To run DynaBoost with learned models by BayeSmith, run the following commands:

# run DynaBoost with learned models for one benchmark
cd ~/bingo-ci-experiment
./run_single.sh <PROGRAM> --bayesmith
cd ~/dynaboost/eval
./run-single.sh <PROGRAM> --bayesmith
# run DynaBoost with learned models for all benchmarks
cd ~/bingo-ci-experiment
./run_all.sh --bayesmith
cd ~/dynaboost/eval
./run-all.sh --bayesmith

For example, cd ~/bingo-ci-experiment && ./run_single.sh sort --bayesmith; cd ~/dynaboost/eval && ./run-single.sh sort --bayesmith runs DynaBoost with learned model for sort. The result can be found in ~/bingo/sortbayesmith-stats.txt. The number of interactions is #(lines of the result file) - 1. In the case of sort, it takes about an hour.

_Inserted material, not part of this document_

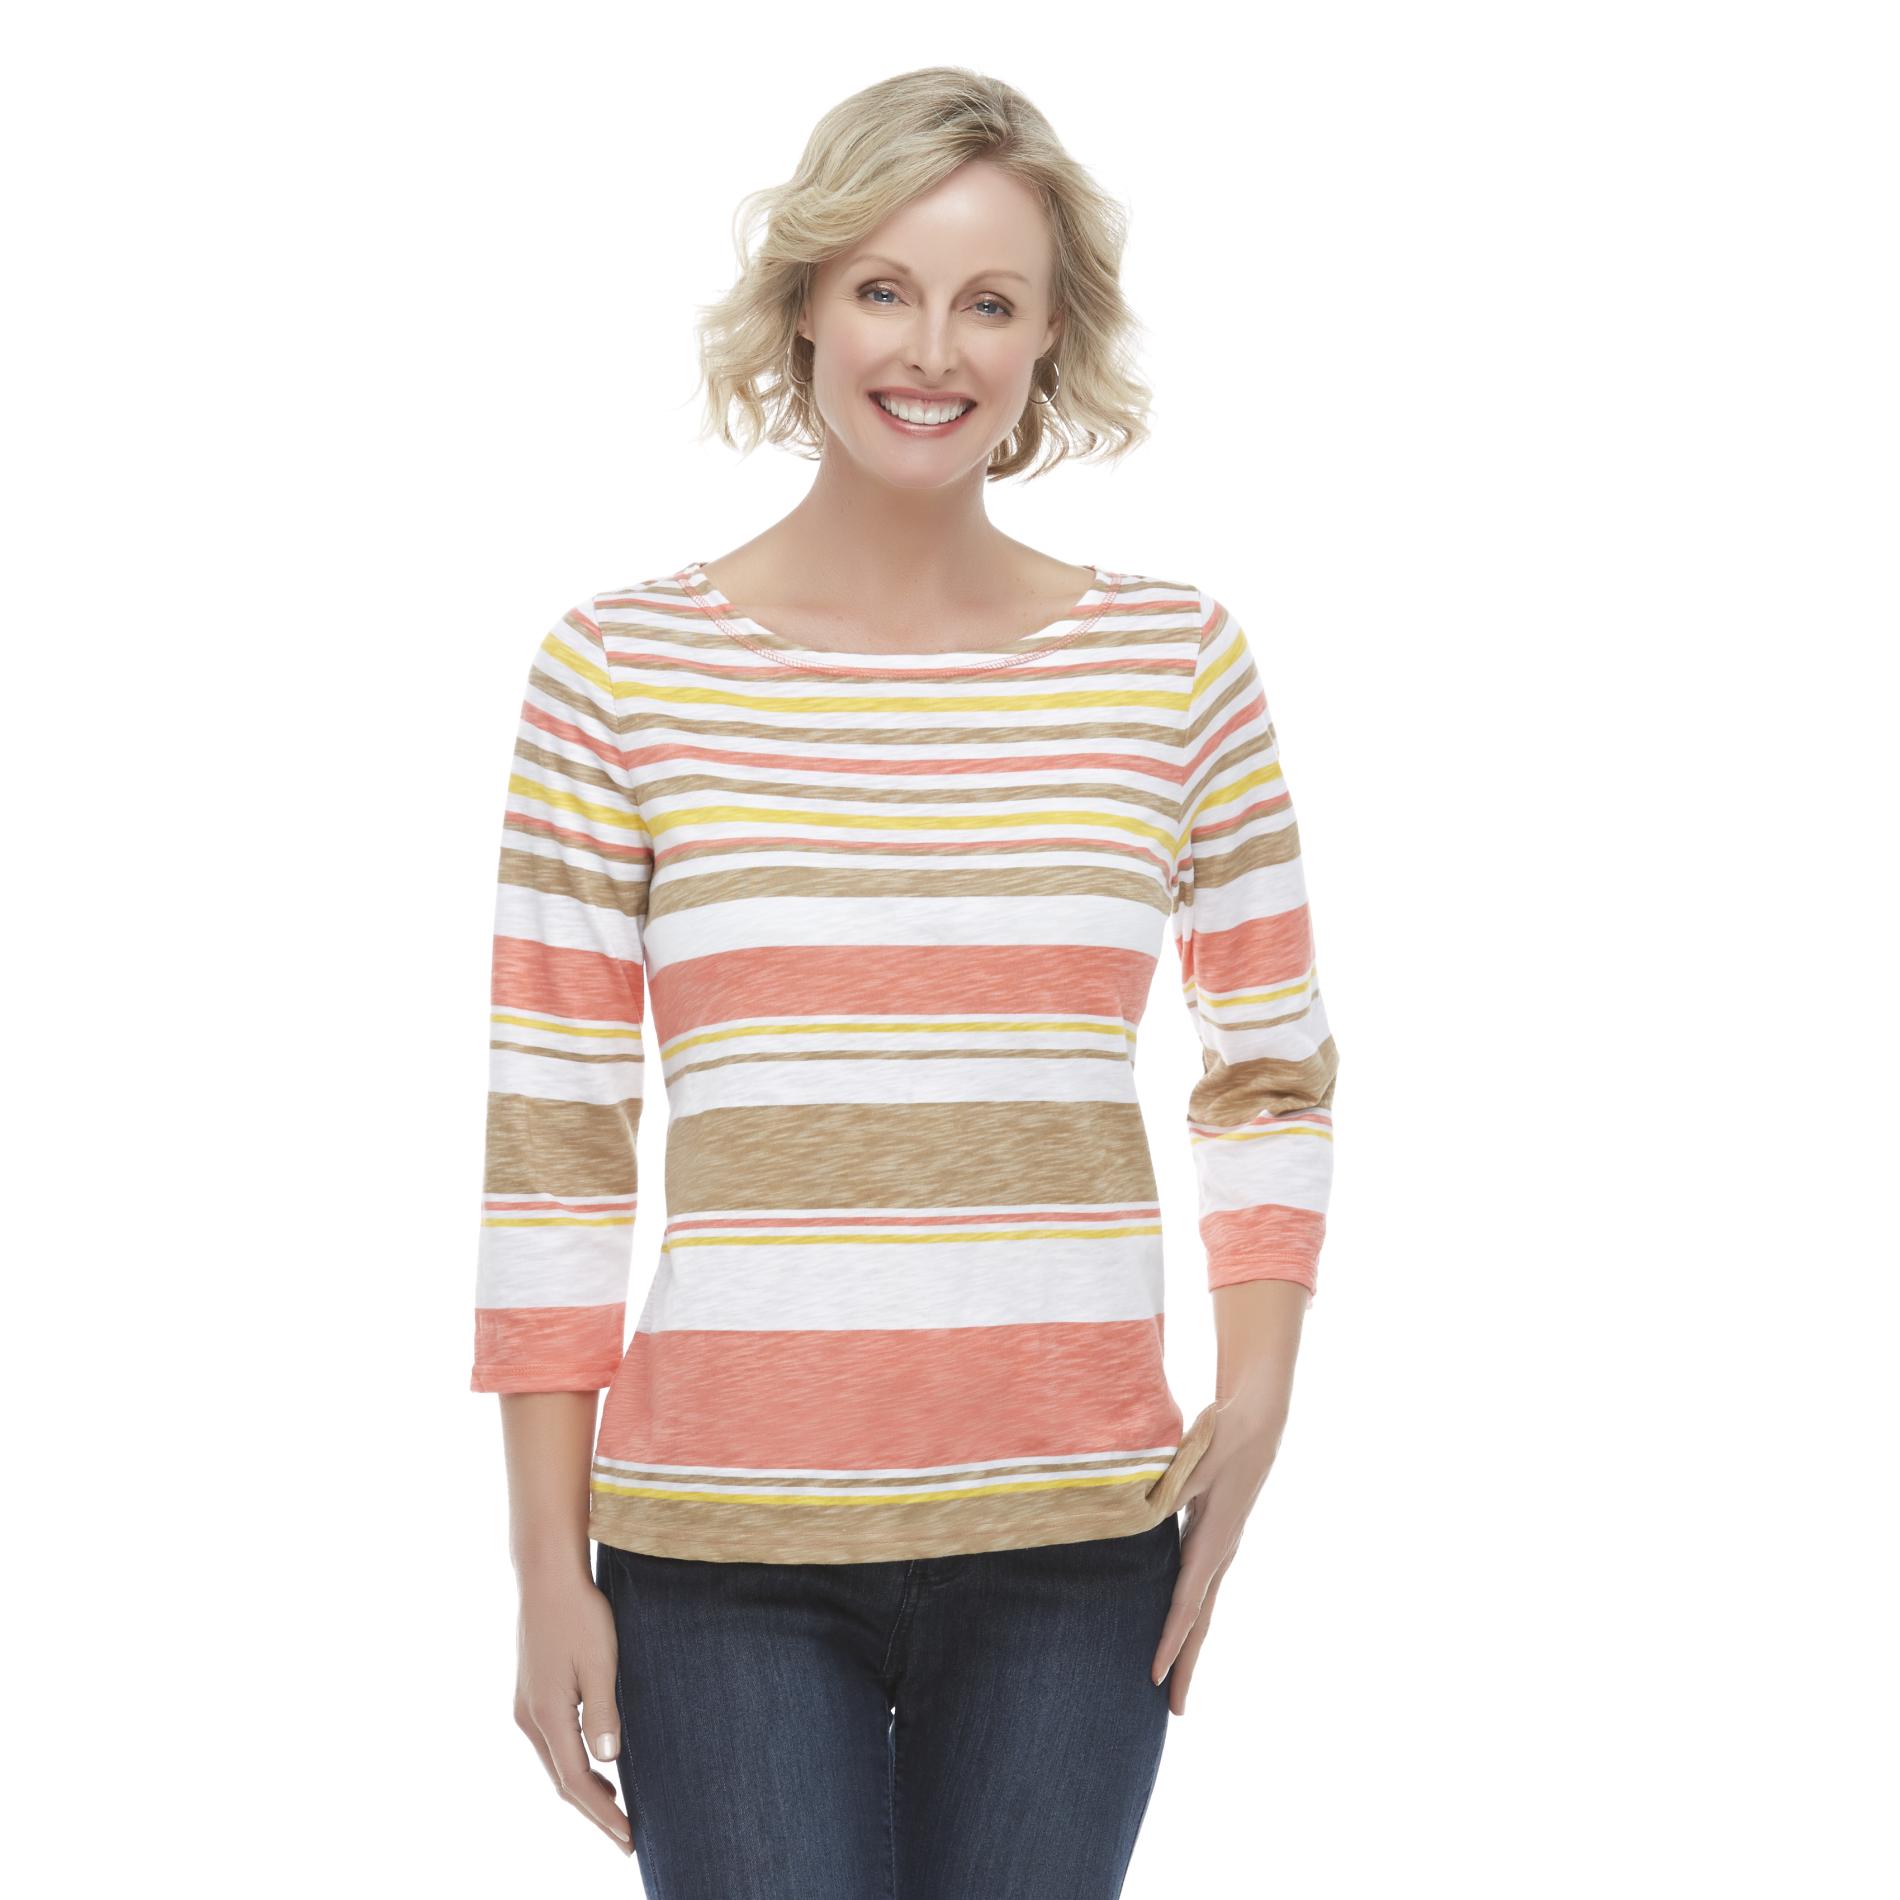 Basic Editions Women's Slub Knit T-Shirt - Striped

Running all benchmarks takes about 12 hours to finish.

The following command generates drake-bayesmith.pdf and dynaboost-bayesmith.pdf, showing the effectiveness of BayeSmith in each application (Figure 5).

cd ~/bayesmith
script/comparison-plot/bar-plot.py

7. Comparing the magnitude of false generalizations (Table 3)

The following command compares the number of observed false generalizations and their average magnitude before and after the learning.

cd ~/bayesmith
script/bnet/fg.sh

It generates bnet-fg.csv as the numbers reported in Table 3.


8. Learning with different training sets (Table 4)

One can run BayeSmith (i.e., train a probabilistic model) with leave-N-out settings by specifying N programs. The set of N programs becomes the test set, and the rest is the training set. In Table 4, BayeSmith_80 uses about 80% of the benchmarks as training data, i.e., N = 2. We repeated ten times per analysis to report the numbers in BayeSmith_80 column. Those combinations tried by us can be found in bayesmith-80-combi.txt. The following command runs BayeSmith with the specified training sets.

cd ~/bayesmith
script/bingo/diff-train.sh bayesmith-80-combi.txt

It takes about 12 hours to finish.

The following command compares the statistics (average and standard deviation) of the number of user interactions between the cases of 90% and 80% of benchmark programs are used as training sets.

cd ~/bayesmith
script/bnet/table-diff-train.py

It generates diff-train.csv, as the numbers reported in Table 4.

Moreover, the following command runs BayeSmith with the variant of the training sets.

bingo/learn -reuse -analysis_type [ interval | taint ] <PROGRAM_1> .. <PROGRAM_N>

For example, bingo/learn -reuse -analysis_type interval sort grep launches a learning task for the interval analysis for sort and grep (i.e., all the other benchmark programs are used for training).

The learned Datalog rule (rule-final.dl file) with the above command will be generated under learn-out/sort-grep. In the case of sort and grep, it takes about 2 hours to finish. In the worst case, it takes about 4 hours to complete.